1. M. A..., ressortissant brésilien entré en France, selon ses déclarations, le 5 mai 2022 sous couvert de son passeport brésilien, à l'âge de 24 ans, a été interpelé le 7 août 2023 et placé en retenue administrative pour vérification de son droit au séjour. Par arrêté du 8 août 2023, le préfet de la Haute-Garonne lui a fait obligation de quitter le territoire français sans délai, a fixé le pays à destination duquel il pourra être reconduit d'office et a assorti ces décisions d'une interdiction de retour sur le territoire français d'une durée d'un an. Par un jugement du 24 octobre 2023, le magistrat désigné par la présidente du tribunal administratif de Toulouse a annulé cet arrêté en tant qu'il porte refus de délai de départ volontaire et interdiction de retour sur le territoire français, a mis à la charge de l'État une somme de 1 250 euros sur le fondement des articles L. 761-1 du code de justice administrative et 37 de la loi du 10 juillet 1991 et a rejeté le surplus des conclusions à fin d'annulation et d'injonction présentées par M. A... contre cet arrêté. Par la présente requête, le préfet relève appel de ce jugement en tant qu'il a annulé les décisions portant refus de délai de départ volontaire et interdiction de retour sur le territoire français. Par la voie de l'appel incident, M. A... demande l'annulation de ce jugement en tant qu'il n'a pas fait droit à l'intégralité de ses conclusions.
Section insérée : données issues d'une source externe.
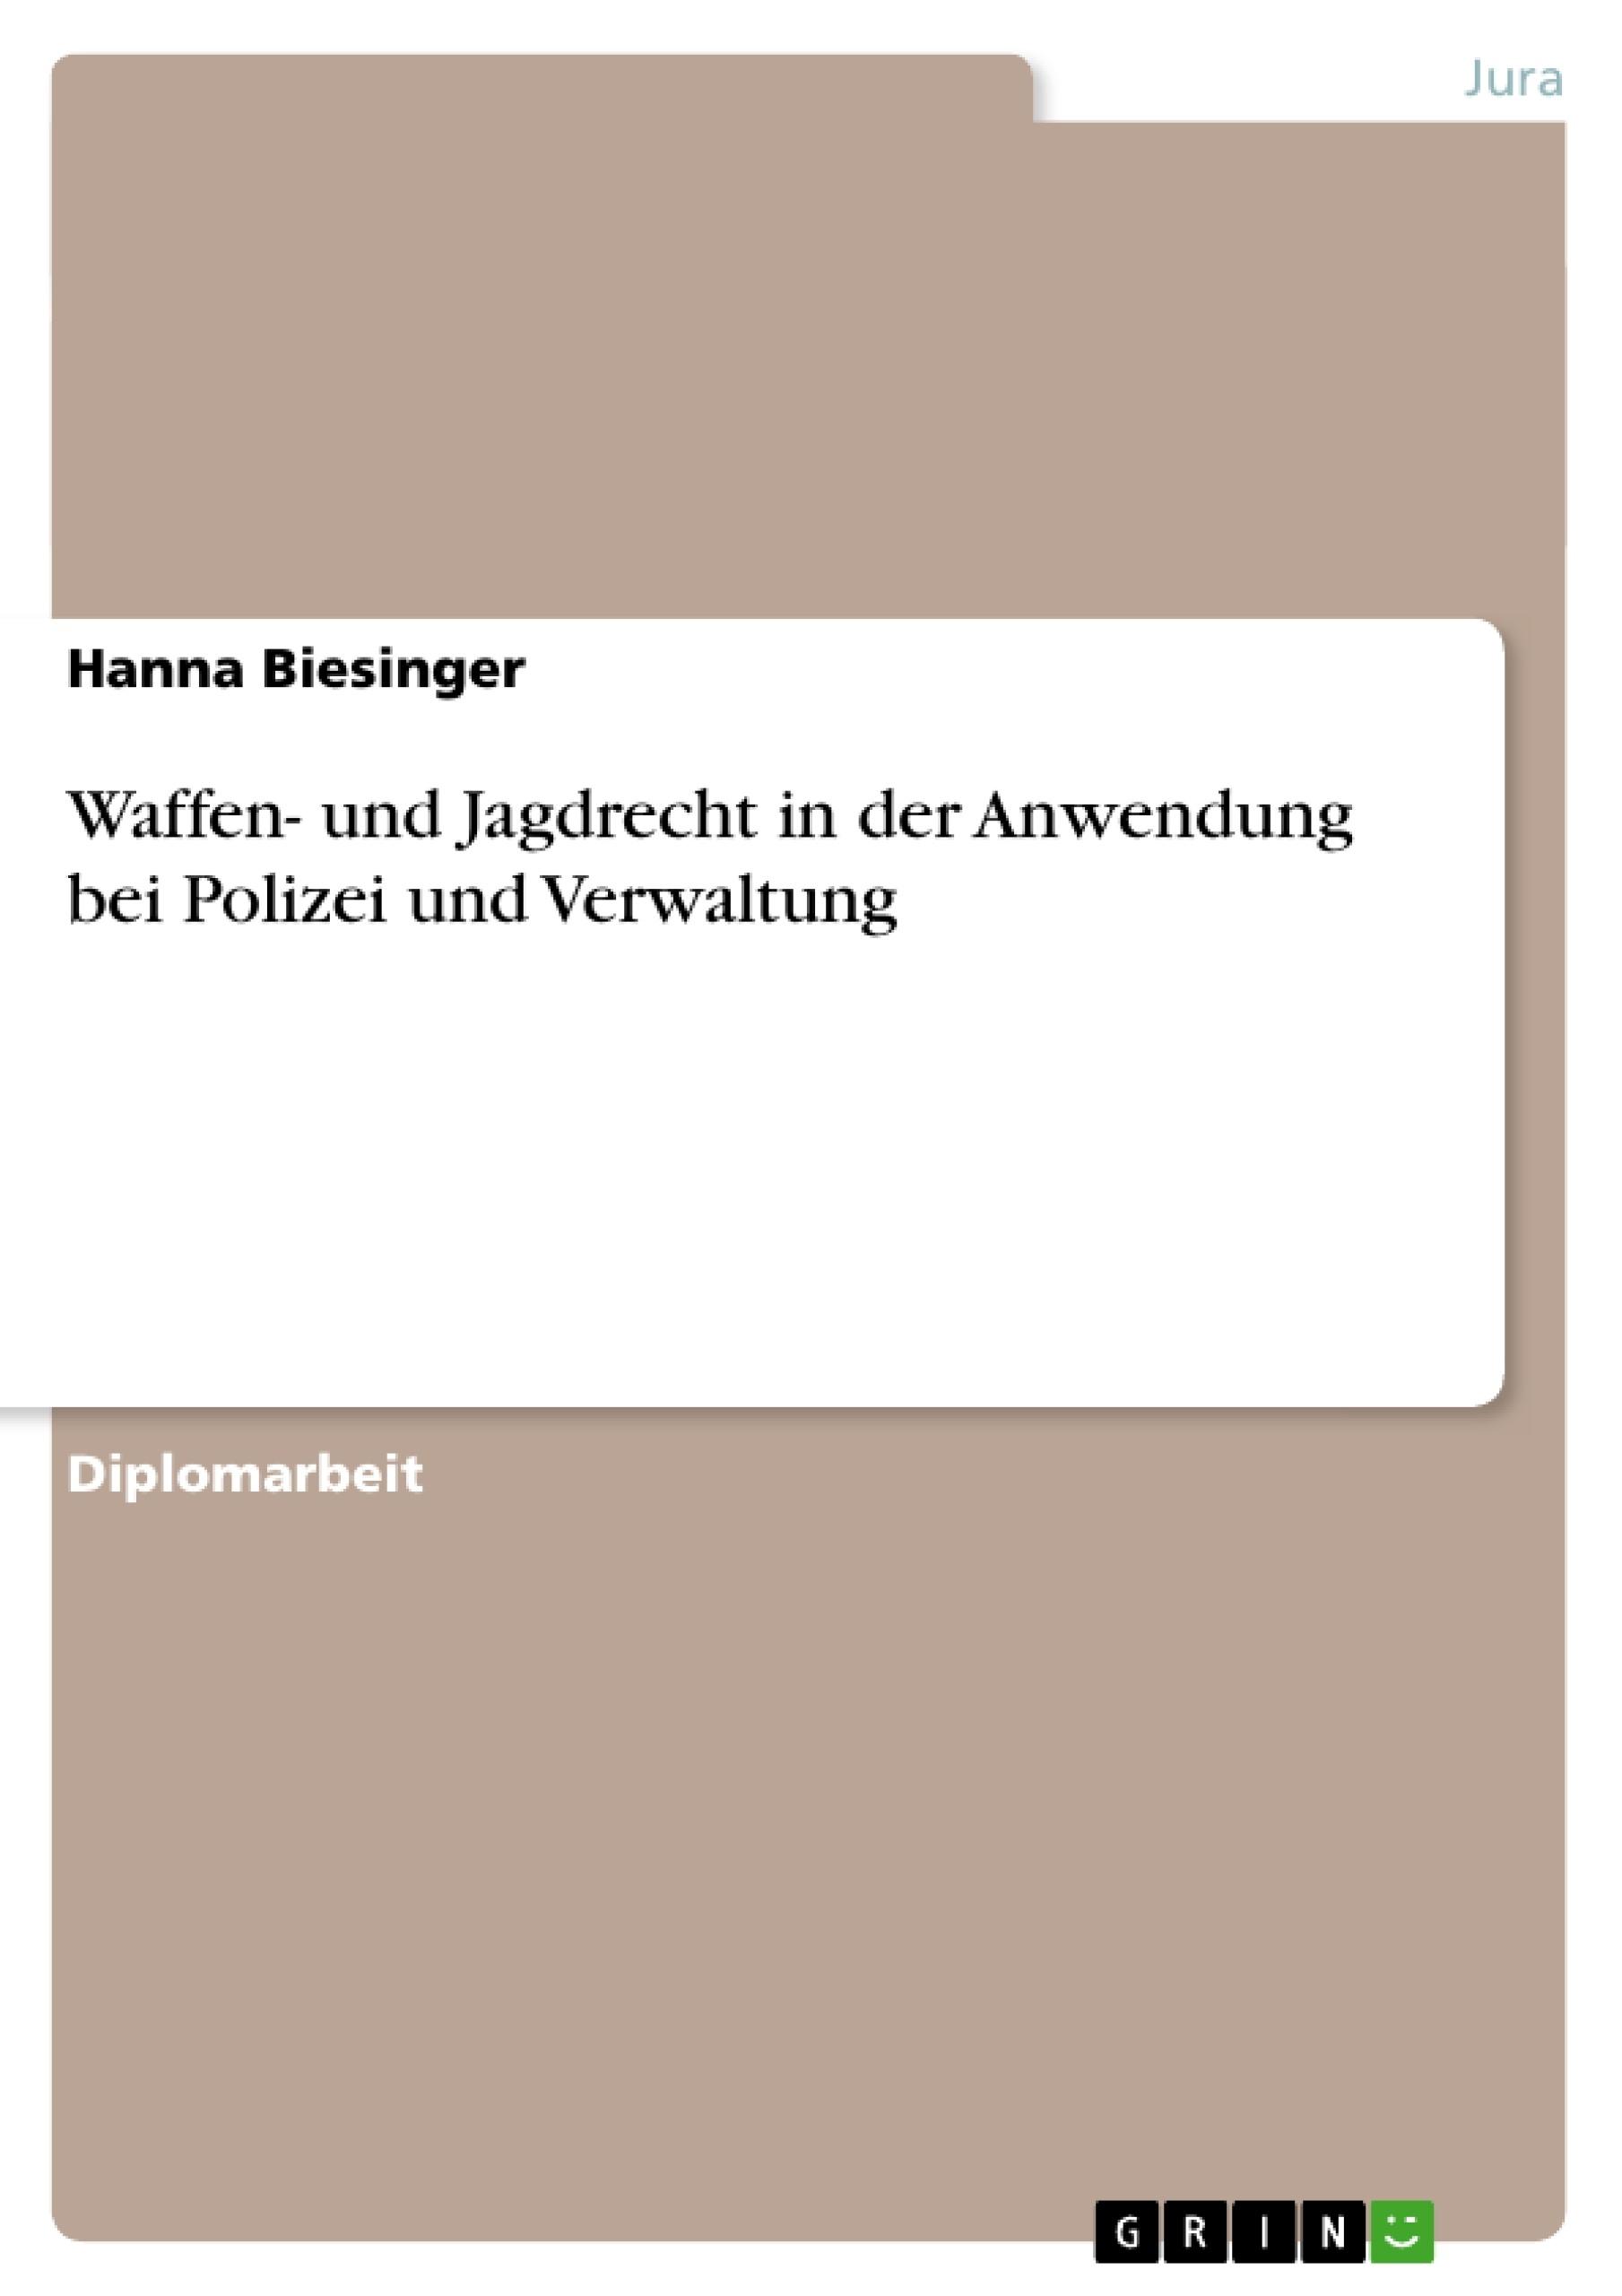 Titel: Waffen- und Jagdrecht in der Anwendung bei Polizei und Verwaltung

Sur le bien-fondé du jugement attaqué :

2. Aux termes de l'article L. 611-1 du code de l'entrée et du séjour des étrangers et du droit d'asile : " L'autorité administrative peut obliger un étranger à quitter le territoire français lorsqu'il se trouve dans les cas suivants : 1° L'étranger, ne pouvant justifier être entré régulièrement sur le territoire français, s'y est maintenu sans être titulaire d'un titre de séjour en cours de validité (...) ".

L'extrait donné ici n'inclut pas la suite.